3D Terrain Exploration and Visualization

Purpose

In this project, we discuss several enhancements we have done to a 3D Stereo Terrain visualization tool. This tool called Walkabout, and developed by the Electronic Visualization Laboratory (EVL) group at the University of Illinois at Chicago, allows the user to move in relationship to the data in X-Y-Z directions and interact with the data.

GeoWall Consortium Project (Geowall.org)

The GeoWall Consortium Project is a joint effort between geologists and computer scientists at different universities and research centers through out the United States to make available stereo-display technologies to a very broad audience. The technology consists of affordable equipment and open source code to make three-dimensional applications with stereo-display capabilities.

What is a GeoWall system?

Basically a GeoWall system consists of the following components:a (controller) computer, a quad-buffered enable graphics card, two projectors, polarization filters for each projector, a polarization-preserving screen, polarized glasses, and a stereo-capable application such as Walkabout.

Developing applications with stereo-enable projection capabilities.

You need to prepare two images, one that corresponds to the right eye and the other that corresponds to the left eye, and display them on the same space on a screen. The overlapping images are displayed individually by using two projectors, one for each eye, so that the viewer sees only one image with each eye. The light from each projector is polarized differently, and the projection screen has special properties that preserve polarization. It is possible to allow the light from only one image to enter the eye by using a pair of polarized glasses. The main idea is to create the illusion of actual depth when the pair of images is overlapped at a specific distance apart.

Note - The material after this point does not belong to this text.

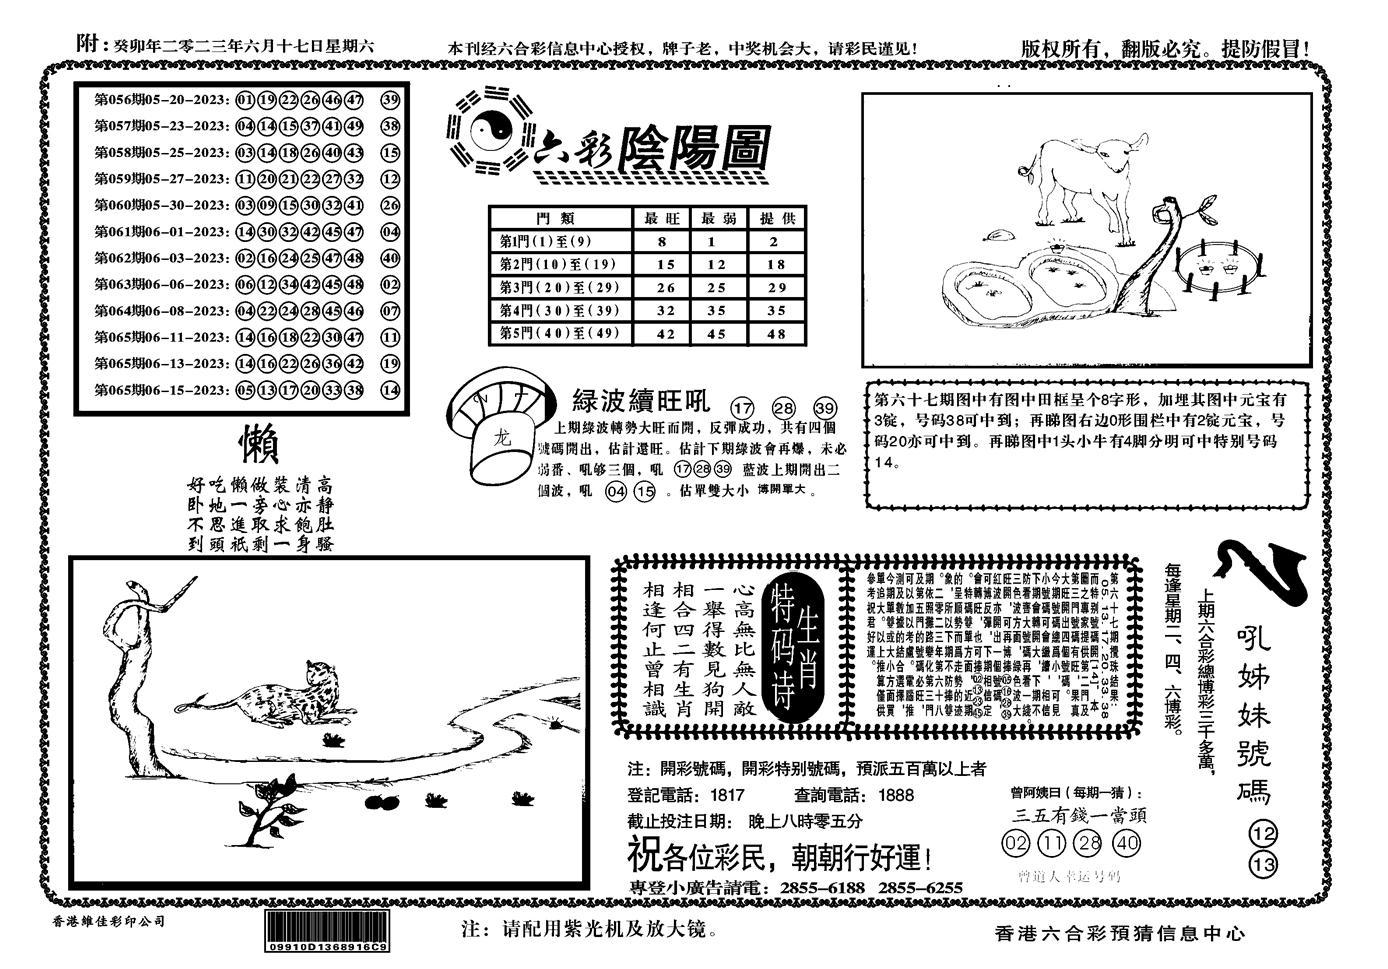 068期六彩阴阳(正版)(黑白)

Our goal is to extend Walkabout so that it can directly load Digital Elevation Models (DEMs), a very popular data format made available to the public by the United States Geological Service (USGS). DEMs are ASCII digital files consisting of terrain elevations for ground positions at regularly spaced horizontal intervals. The USGS have made available height field data of all 50 states. A major enhancement in this project include the ability to optimize the terrain by implementing an Level of Detail (LOD) technique in order to increase rendering performance.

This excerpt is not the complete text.